步骤3.3.2计算t时刻的输入门i_t，用于控制当前时刻需要添加的新信息，通过公式(3)计算；Step 3.3.2 Calculate the input gate i _t at time t, which is used to control the new information that needs to be added at the current time, and is calculated by formula (3);

i_t＝σ(W_ix_t+U_ih_t-1+b_i) (3)i _t =σ(W _i x _t +U _i h _t-1 +b _i ) (3)

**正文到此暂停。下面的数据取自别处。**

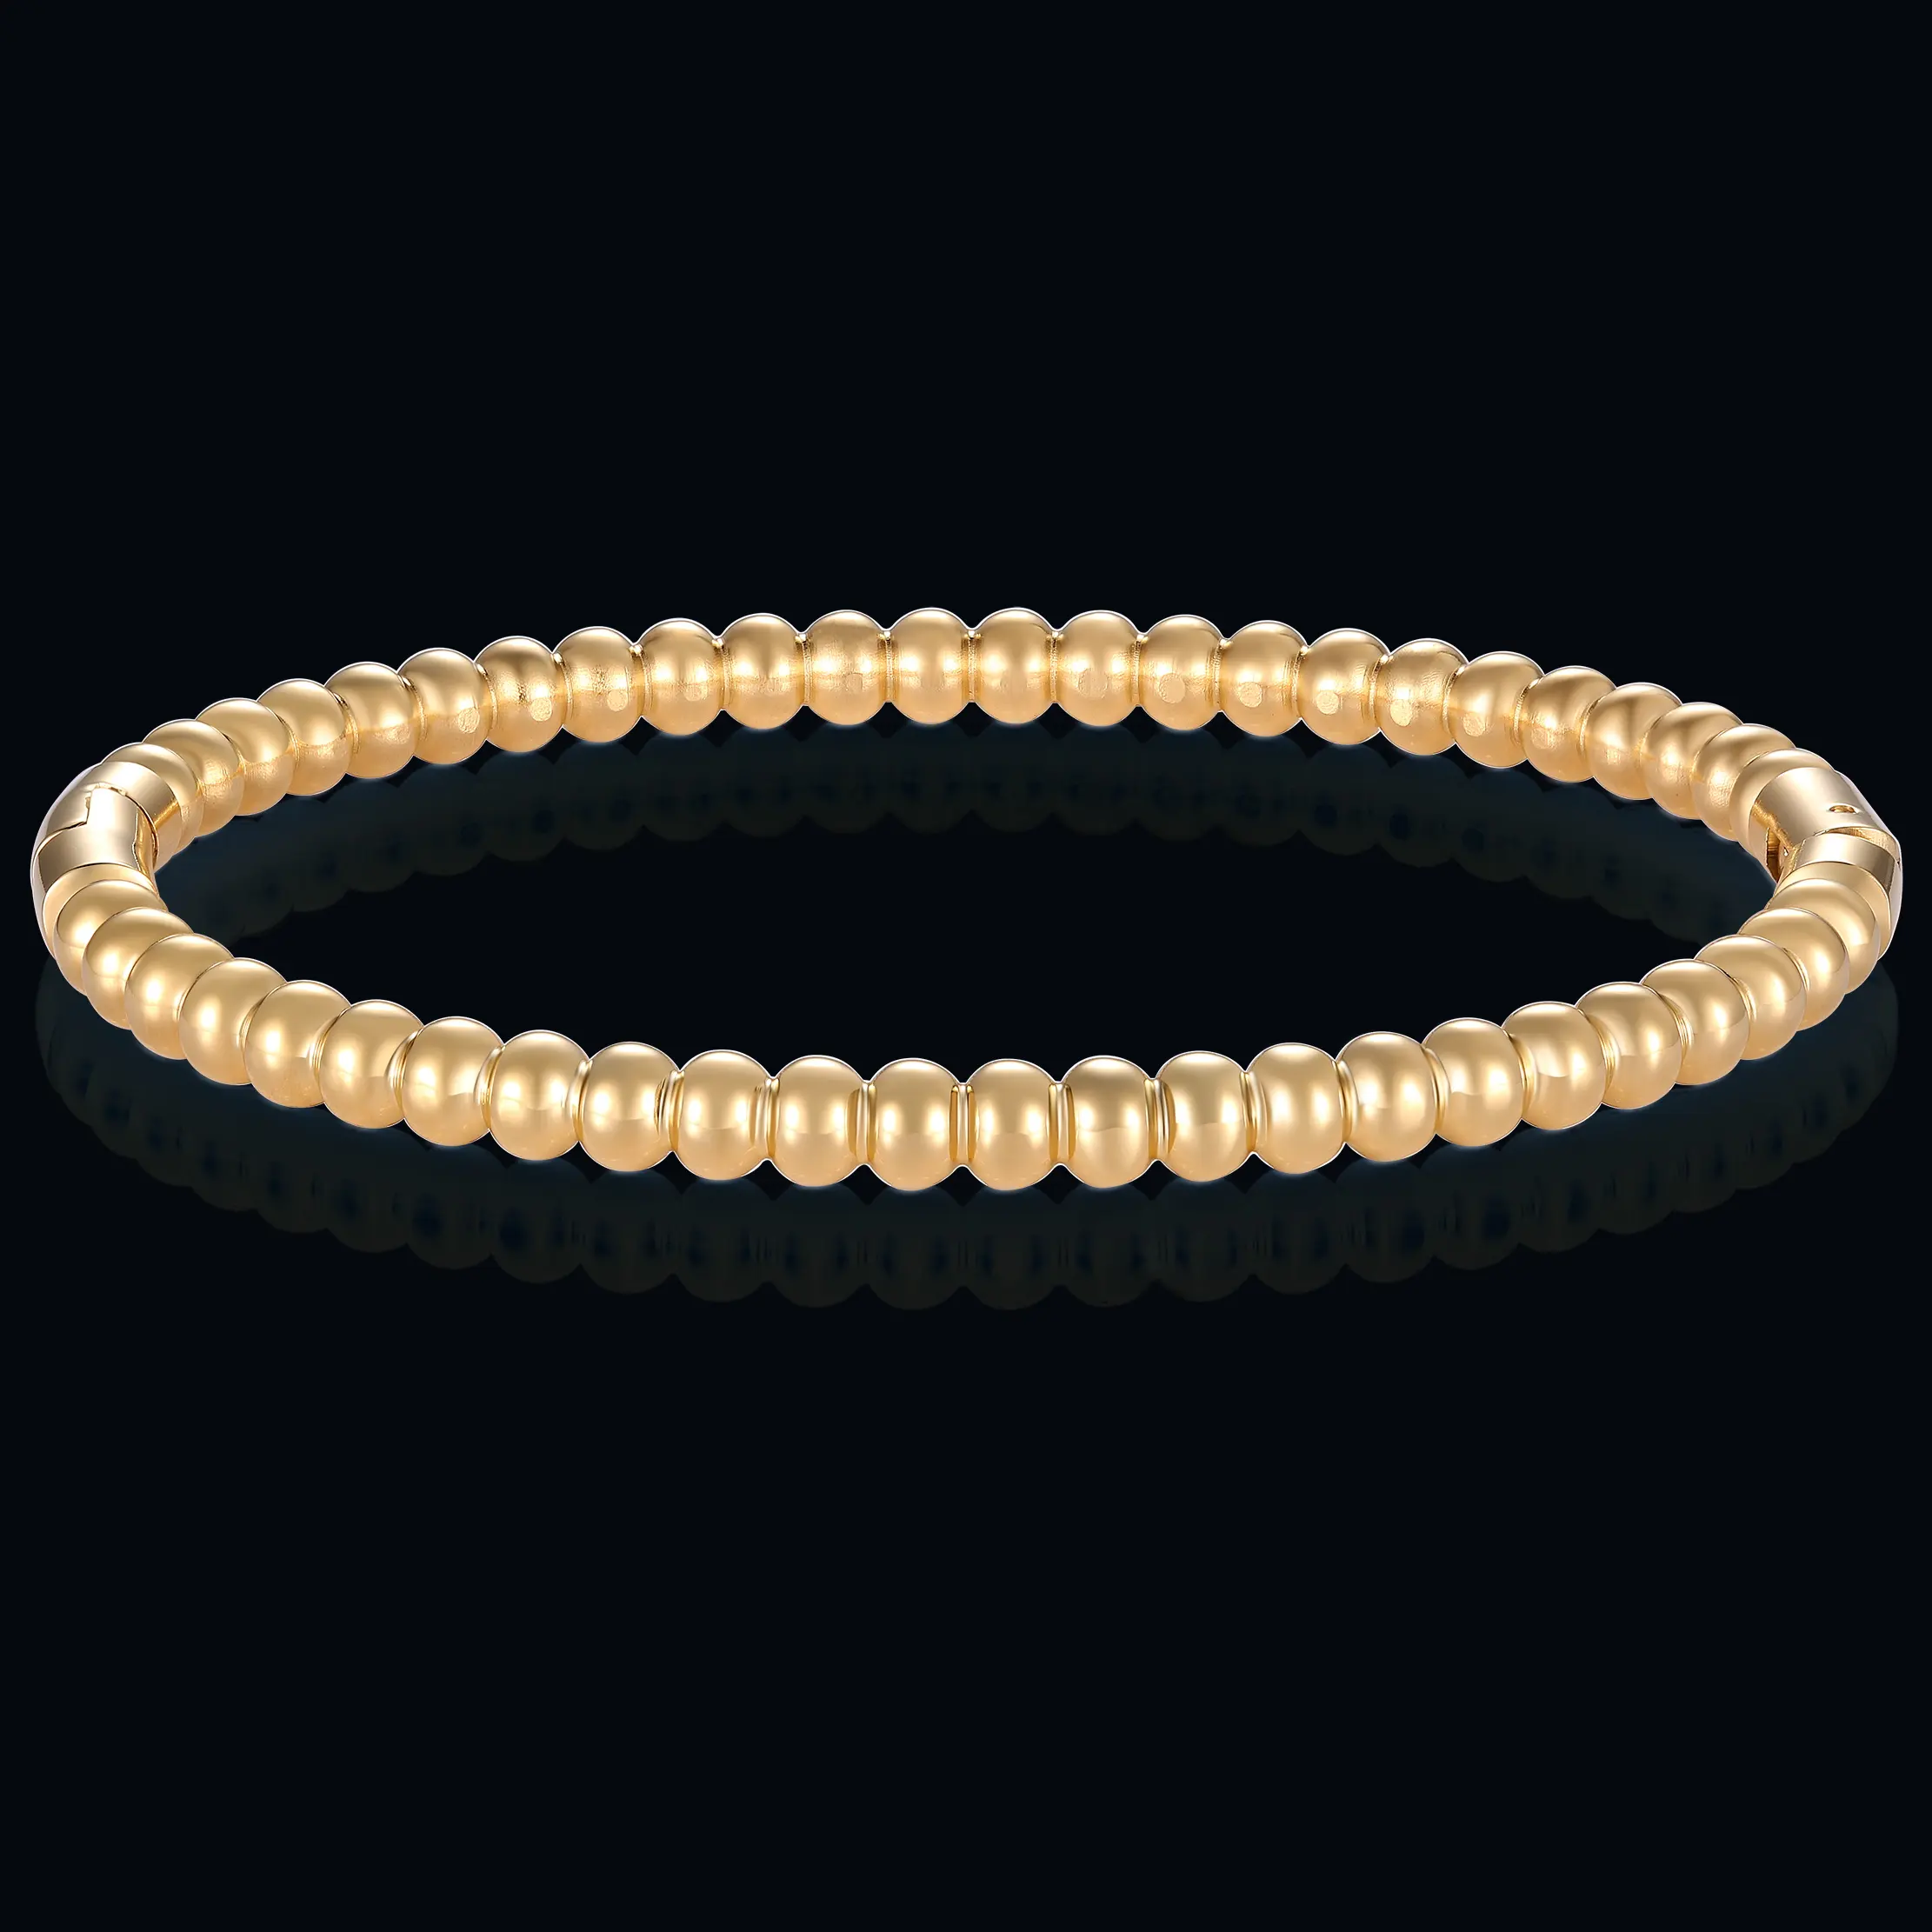 Gold Plated Charms Jewelry Bangle Bracelet Stainless Steel, 18K Gold Plated Beaded Bracelets Set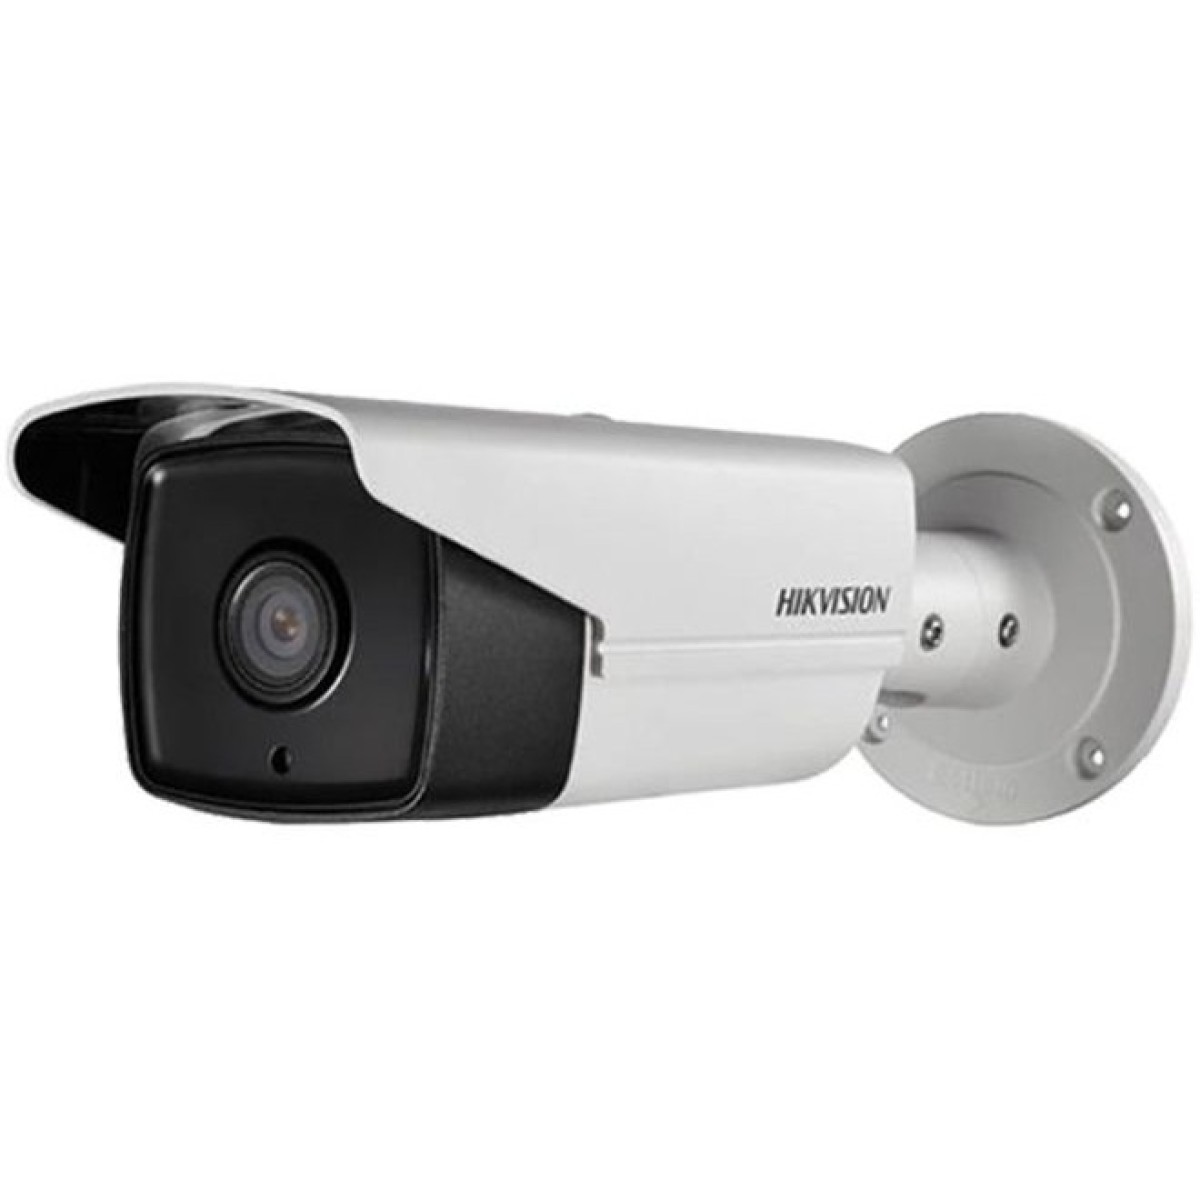 IP-камера Hikvision DS-2CD2T85FWD-I8 (2.8) 256_256.jpg

其中，W_i表示参数矩阵，x_t表示第t时刻输入的词向量，U_i表示参数矩阵，h_t-1表示t-1时刻的隐含层向量，b_i表示偏置向量参数，σ表示Sigmoid函数，是LSTM模型的激活函数；Among them, W _i represents the parameter matrix, x _t represents the word vector input at time t, U _i represents the parameter matrix, h _t-1 represents the hidden layer vector at time t-1, _bi represents the bias vector parameter, and σ represents The Sigmoid function is the activation function of the LSTM model;

步骤3.3.3计算t时刻更新的信息通过公式(4)计算；Step 3.3.3 Calculate the updated information at time t Calculated by formula (4);

其中，表示参数矩阵，x_t表示第t时刻输入的词向量，表示参数矩阵，h_t-1表示t-1时刻的隐含层向量，表示偏置向量参数，tanh表示双曲正切函数，是LSTM模型的激活函数；in, Represents the parameter matrix, x _t represents the word vector input at the tth moment, Represents the parameter matrix, h _t-1 represents the hidden layer vector at time t-1, Represents the bias vector parameter, tanh represents the hyperbolic tangent function, which is the activation function of the LSTM model;

步骤3.3.4计算t时刻的信息，将上一时刻的信息和当前时刻更新的信息相加得到，通过公式(5)计算；Step 3.3.4 calculates the information at time t, which is obtained by adding the information at the previous time and the updated information at the current time, and calculates by formula (5);

其中，c_t表示t时刻的信息，f_t表示t时刻遗忘门，c_t-1表示t-1时刻的信息，i_t表示t时刻的输入门，表示t时刻更新的信息，°表示向量的叉乘；Among them, c _t represents the information at time t, f _t represents the forgetting gate at time t, c _t-1 represents the information at time t-1, and it represents the input gate at time _t , Indicates the updated information at time t, ° indicates the cross product of vectors;

步骤3.3.5计算t时刻的输出门o_t，用于控制输入信息，通过公式(6)计算：Step 3.3.5 Calculate the output gate o _{t at time t} , which is used to control the input information, calculated by formula (6):

o_t＝σ(W_ox_t+U₀h_t-1+b_o) (6)o _t ＝σ(W _o x _t +U ₀ h _t-1 +b _o ) (6)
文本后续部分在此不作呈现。